A physiological sensor records a signal at $f_s = 250$ Hz with N = 500 samples. (a) What is the frequency resolution (Hz per bin)? (b) What bin index corresponds to 50 Hz (power-line interference)? (c) After zero-padding to 2000 samples, what is the new bin width? (d) Does zero-padding help resolve two tones at 49.8 Hz and 50.2 Hz? Explain why or why not.

Δf = fs/N. Bin k = f/Δf. True resolution requires a longer signal: to resolve 0.4 Hz separation you need at least T = 1/0.4 = 2.5 seconds = 625 samples at 250 Hz.
6 Code · scipy.fft in Practice Medium

Multi-Tone Spectrum Detector

Synthesise a signal at $f_s = 8000$ Hz containing three tones: 330 Hz (E4), 440 Hz (A4), and 550 Hz (C#5), each for 0.5 seconds. Use scipy.fft.fft to compute the one-sided magnitude spectrum. Find the three dominant frequency bins using scipy.signal.find_peaks with a minimum distance of 50 bins and print the detected frequencies. Plot the magnitude spectrum from 0–1000 Hz.

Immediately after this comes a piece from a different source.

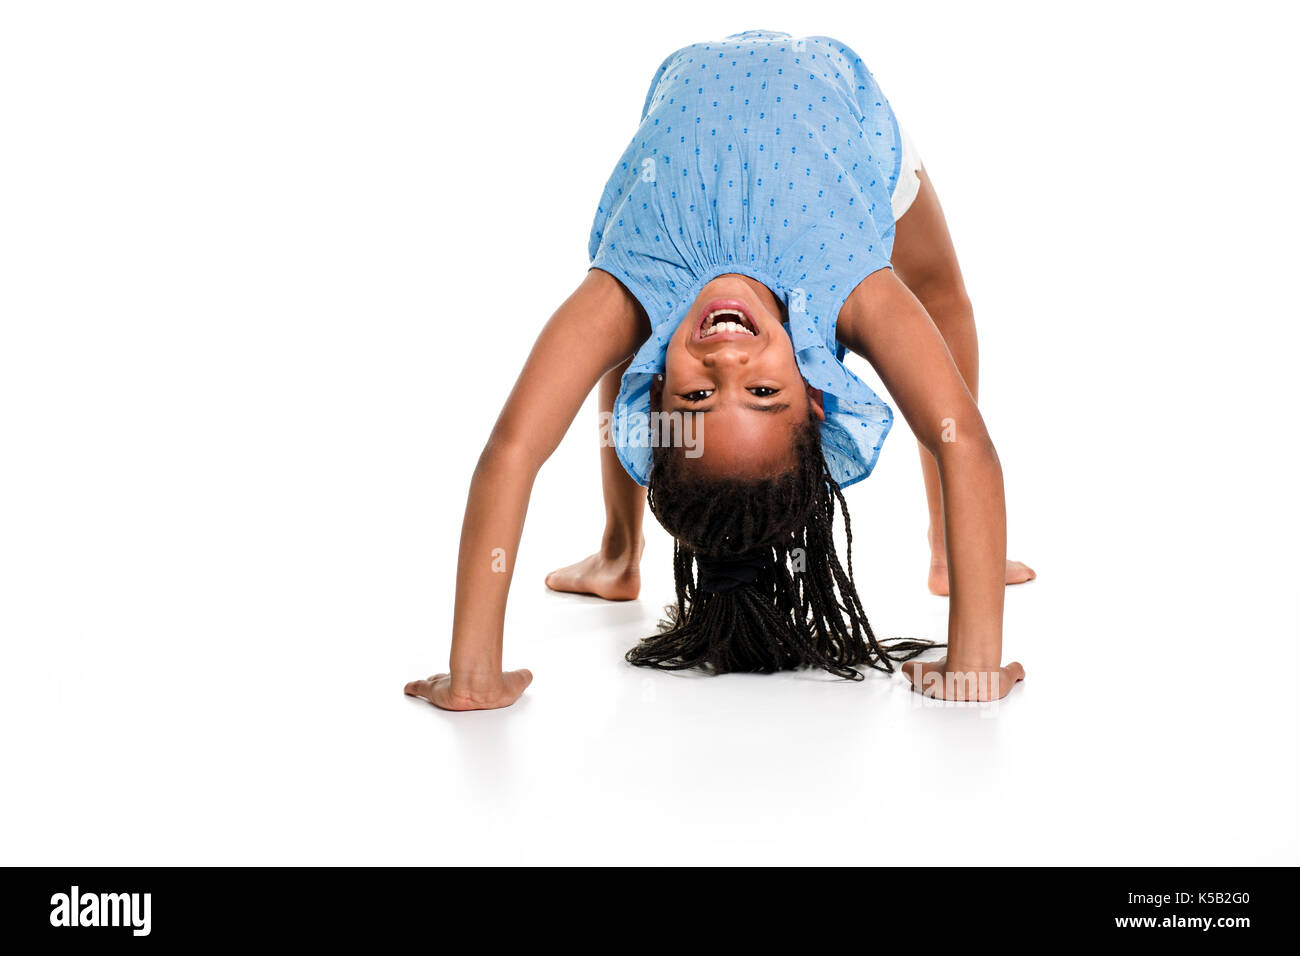 little girl upside down on a white background Stock Photo

N = int(0.5 * 8000) = 4000 samples. After fft, keep first N//2 bins. Use fftfreq(N, 1/fs)[:N//2] for the axis. find_peaks(magnitude, distance=50) returns peak indices; convert to Hz by freqs[peak_idx].
7 Synthesis · Theory: FFT Complexity Derivation Hard

Prove the O(N log N) Operation Count

Let $C(N)$ be the number of complex multiplications for an N-point radix-2 FFT. (a) Write the recurrence relation: splitting into two N/2-point FFTs plus N/2 butterfly muls. (b) Solve the recurrence to show $C(N) = (N/2)\log_2 N$. (c) For N = 1024, compute both $N^2$ and $(N/2)\log_2 N$ and express the speedup ratio as an integer. (d) Explain why the FFT speedup grows with N and what this means architecturally for choosing hardware.

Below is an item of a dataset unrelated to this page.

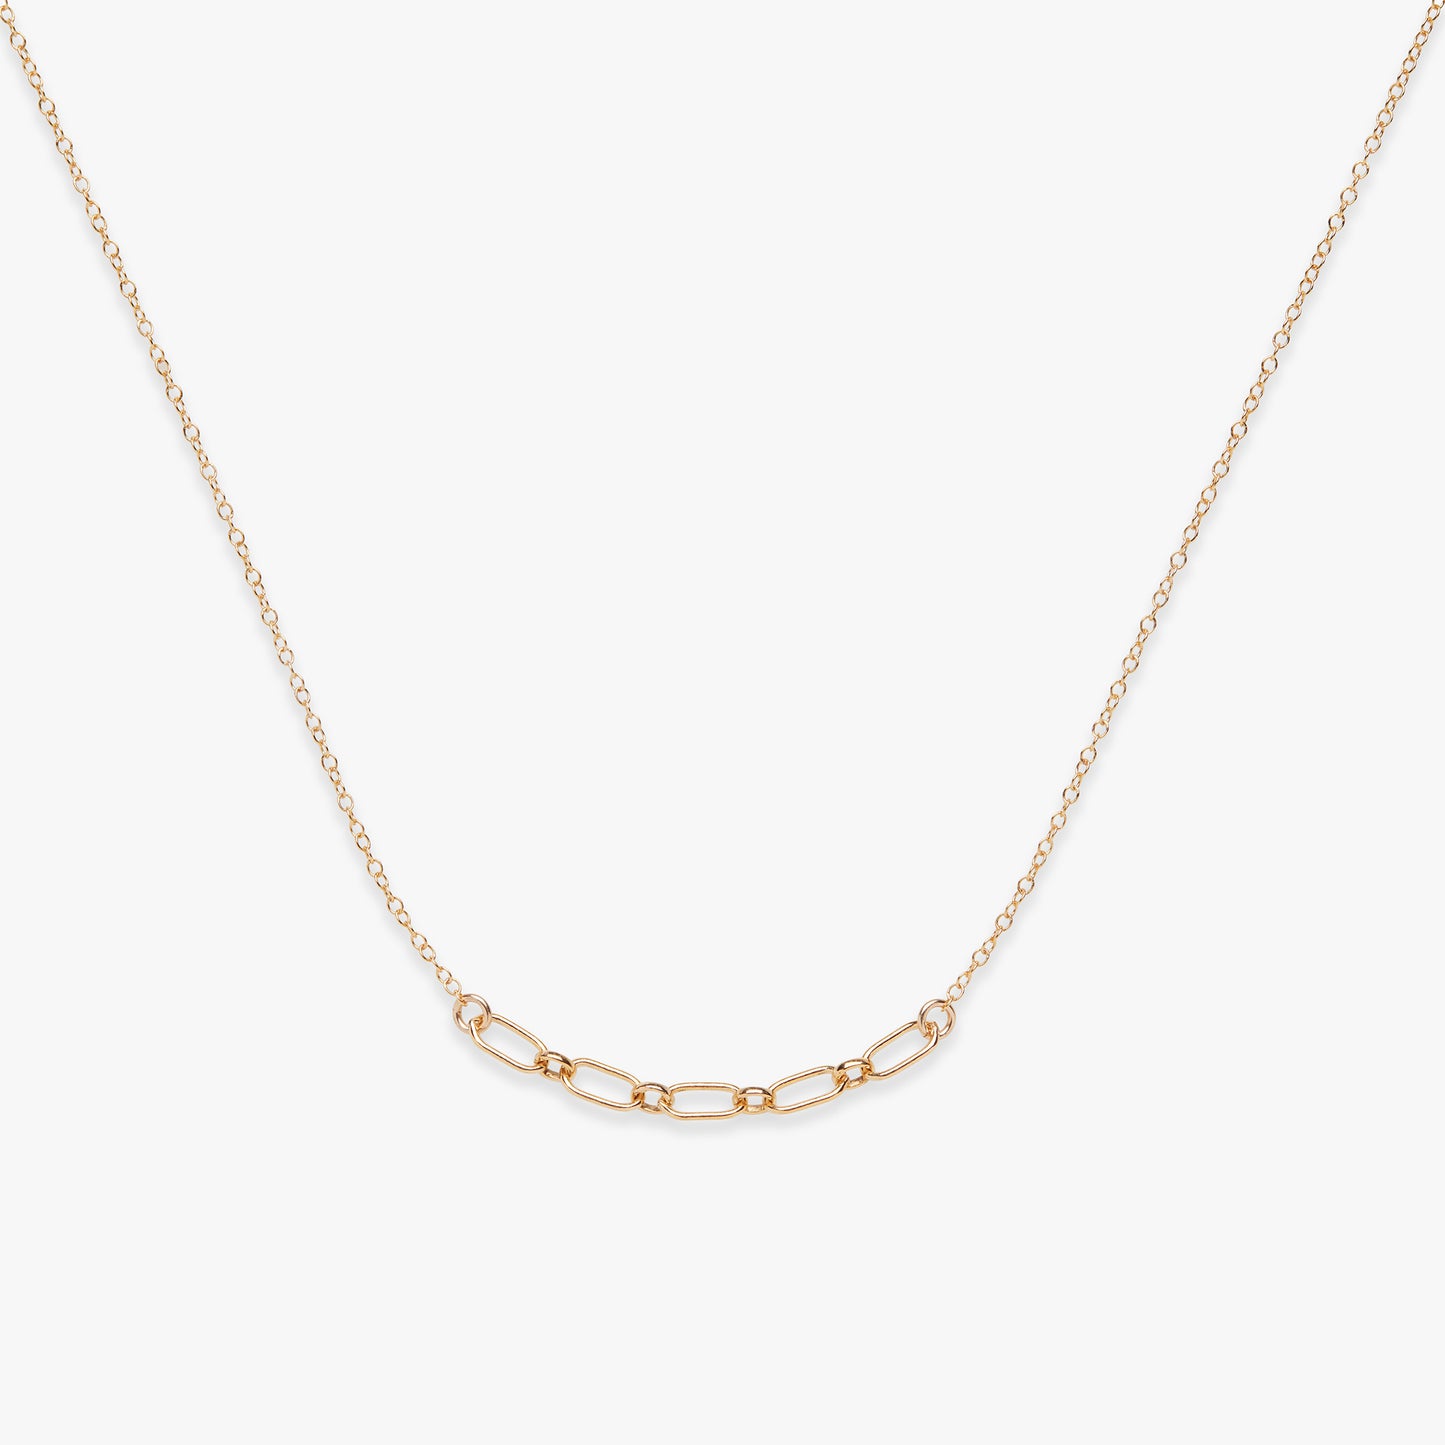 Oval links ketting gold filled

Recurrence: C(N) = 2·C(N/2) + N/2. Unroll: after k levels, C(N) = N/2·k + 2^k·C(N/2^k). Base case C(1)=0. After k=log₂N levels: C(N) = (N/2)·log₂N.
8 Synthesis · Code: Spectrum Analyser Pipeline Hard

Build a Real-Time Spectrum Analyser

Build a complete spectrum analyser function spectrum_analyser(fs, duration=1.0, n_fft=2048) that: (1) synthesises a "mystery" signal combining a 261 Hz tone (C4), a 329 Hz tone (E4), and a 392 Hz tone (G4) — forming a C major chord; (2) applies a Hann window (scipy.signal.windows.hann) to reduce spectral leakage; (3) computes the FFT and one-sided magnitude spectrum; (4) detects peaks and prints the identified chord tones; (5) plots the magnitude spectrum from 100–600 Hz with peak markers. Compare results with and without the window function — which approach gives sharper peaks?

Apply window before FFT: x_windowed = x * hann(len(x)). Scale the magnitude by 2/sum(window) to compensate for the amplitude reduction. Use find_peaks with height=0.1 (relative threshold) to detect the three chord tones.